Don't get me wrong, I really like DMC, but it strikes me as somewhat contradictory for a piece like this to be written by anyone but a person who consistently/repeatedly spreads risks a lot of what they have on bigger ventures. Once you have an exceptional network and reputation, there are few positions, besides maybe being a lawyer, that come with less risk in Silicon Valley than that of an investor.
Risk-wise, setting up and running your own fund is somewhere between starting a new business with an unproven business model and opting for a career path. IMHO it's not the risk profile described in this post.
But I've since learnt that a certain breed of entrepreneur-investors continue to disrupt (innovate) in other ways and in other arenas. One example is 500Startup's overseas initiatives like the one in India.

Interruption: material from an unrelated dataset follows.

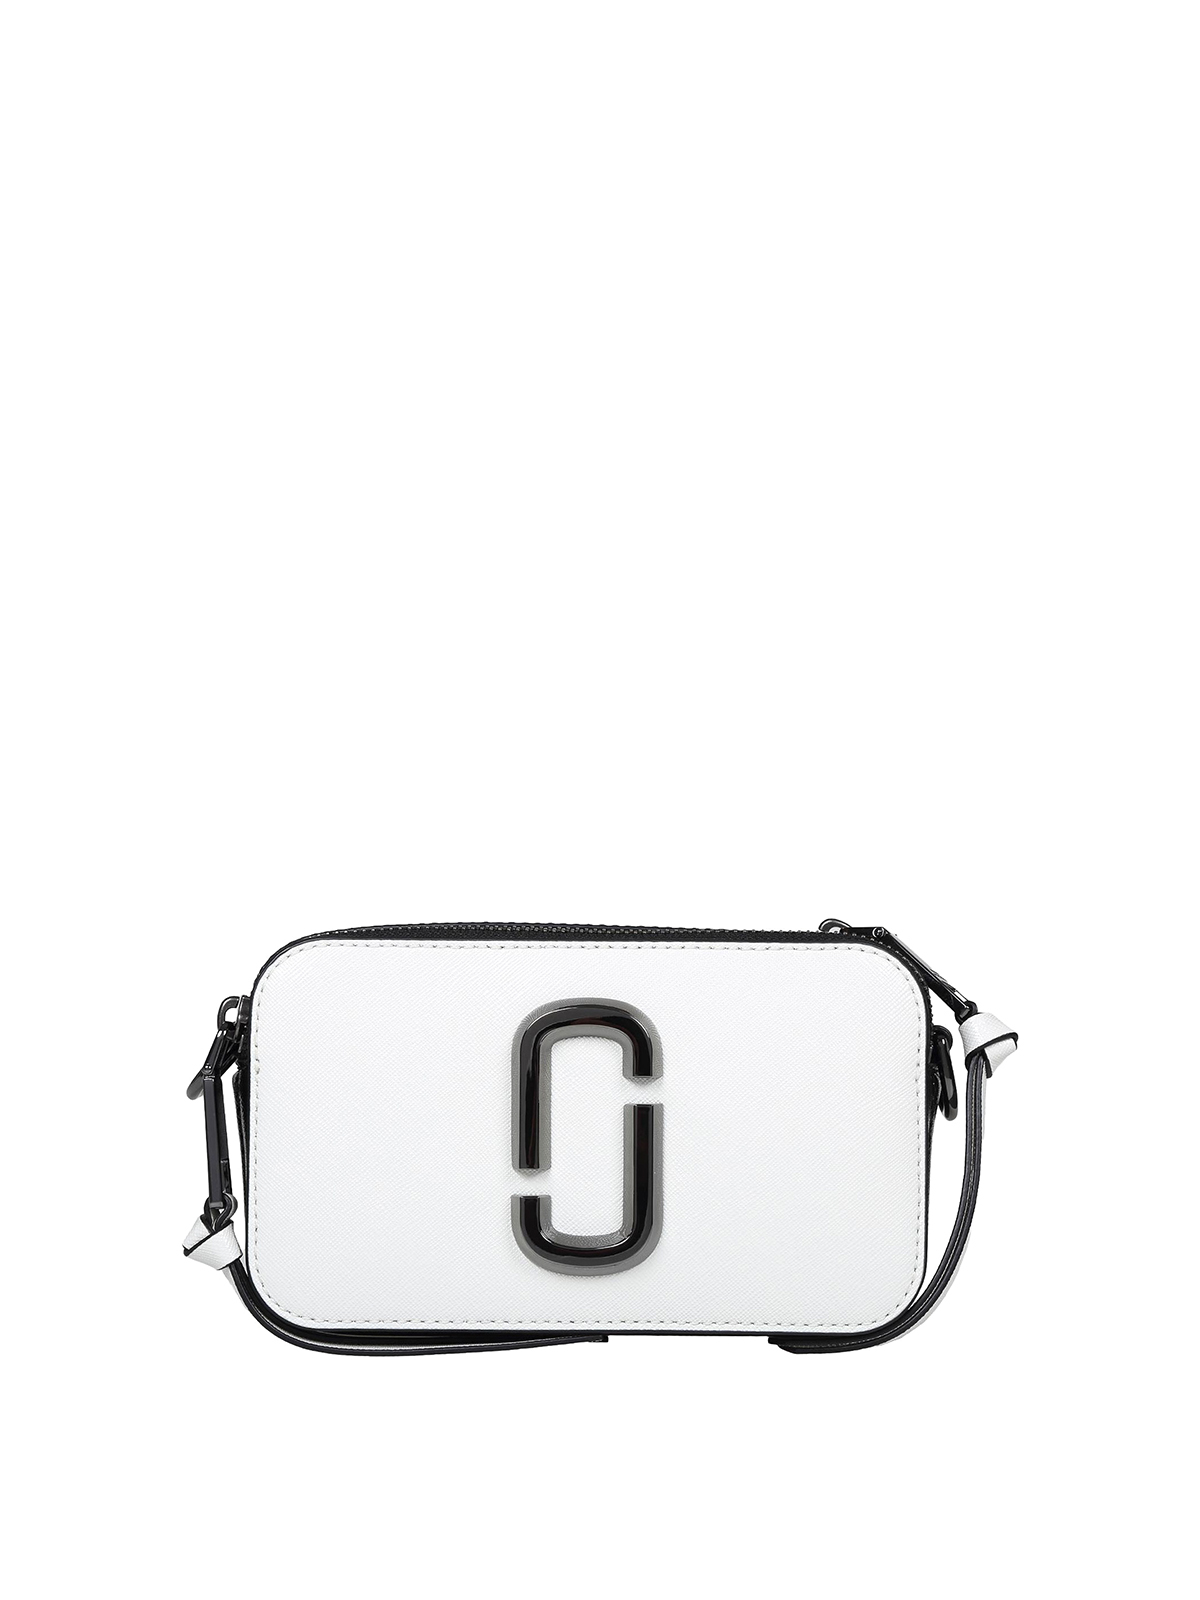 The Snapshot of Marc Jacobs - Black leather rectangular bag with
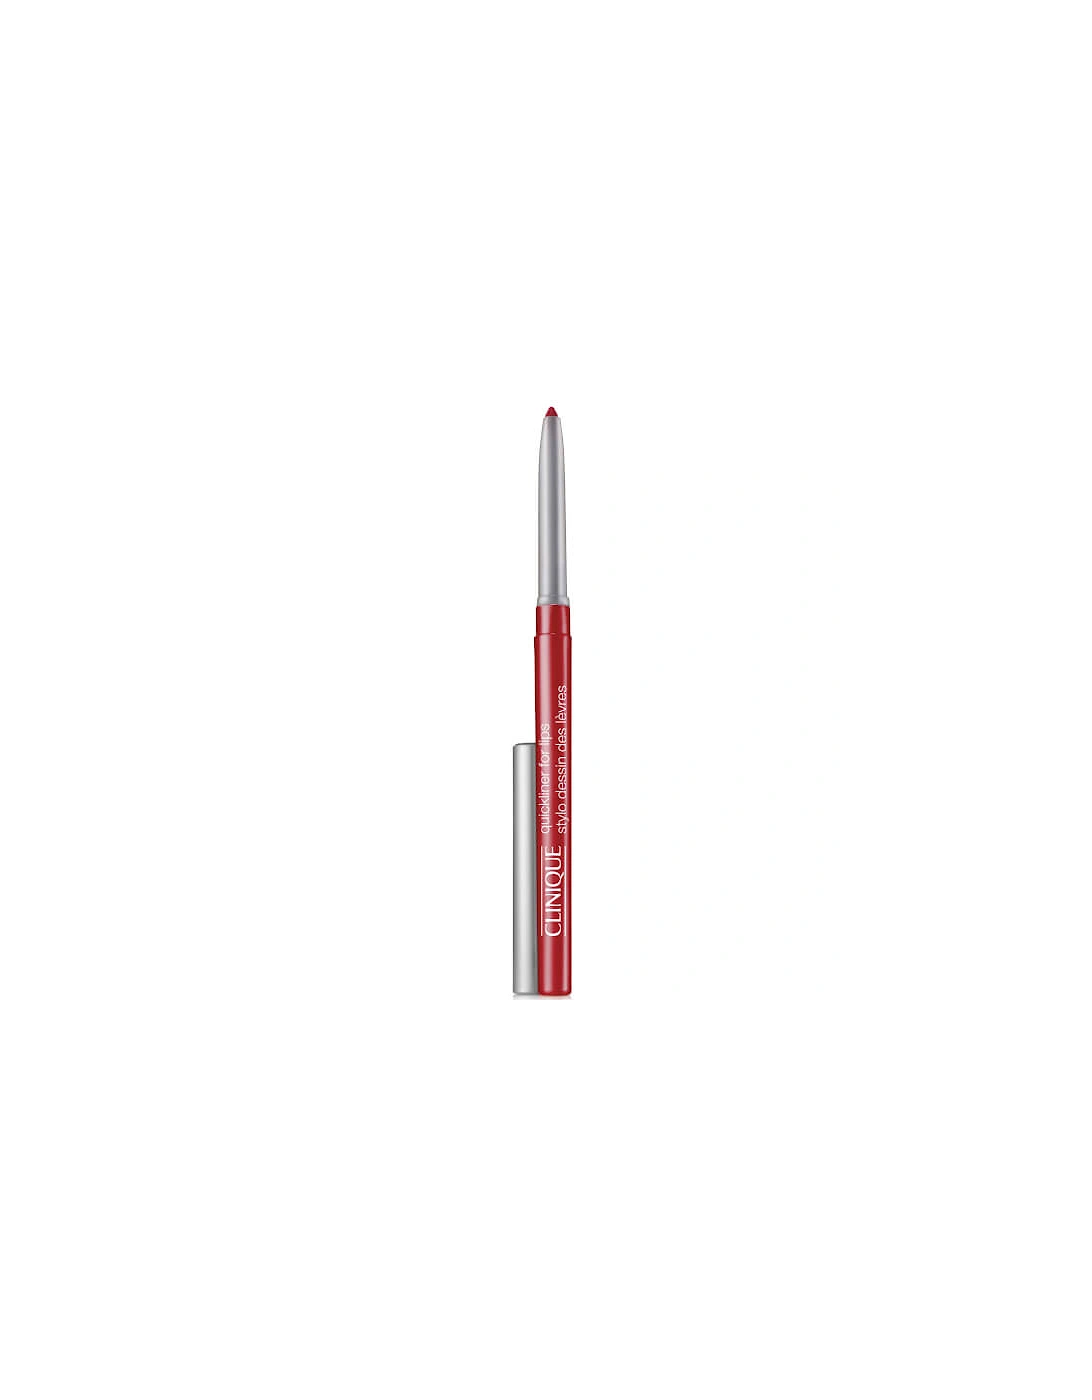 Quickliner for Lips - Intense Cranberry, 2 of 1

At the end of the day, fear is fear, we all have it, you either keep going or you let it stop you.
Maybe not. Maybe soft landings are possible, just don't put everything you got in just one shot.
Do you mean a 'life-style business', or trying a few smaller ideas simultaneously?
(Genuinely interested, not sniping or anything).
Most of fund managers shouldn't be called investors, they make bets in companies like some people do in horse racing. Which is ok, but they sell this image where the only path to succeed is by getting huge like instagram or crashing like a thousand other startups. They are distorting reality for profit. Making bets is part of speculative investment, doing this to startups is cruel - specially when you have direct influence in the whole 'community'.
How it works:
Let's say you have: a set of ideas I, which pretty much englobes all ideas that have a some chance of succeeding right now, some ideas slightly overlap others, but that's ok. Now, you take N startups which are willing to take one idea and blindly go full throttle, to fly or die. Your job as a VC is pretty much igniting them and (that's the cruel part) making sure they do never 'pivot' to something smaller with a more long-term approach/returns. You worth more dead tomorrow than evaluated at 'only' 2 million in 24 months.
My point is: for every airbnb there are hundreds of very successful companies that have million of users and also impact the world and didn't play russian roulette.
Almost forgot (explaining soft landing):
The idea is pretty simple, find some market that are willing to pay (read: if you ask the money before the product, they would pay and then you ASK) build the product without spending your savings. Get more similar users. If the first 50 users you got are the only ones that want the product (very unlikely) maybe it's time to shut down the product and take the losses which will not be huge. You might even keep your old job when doing that. Most of ideas I got from Amy Hoy and DHH/Jason (book 'Rework').
Landings per se are constructs of the market, not the entrepreneur. IMO obviously.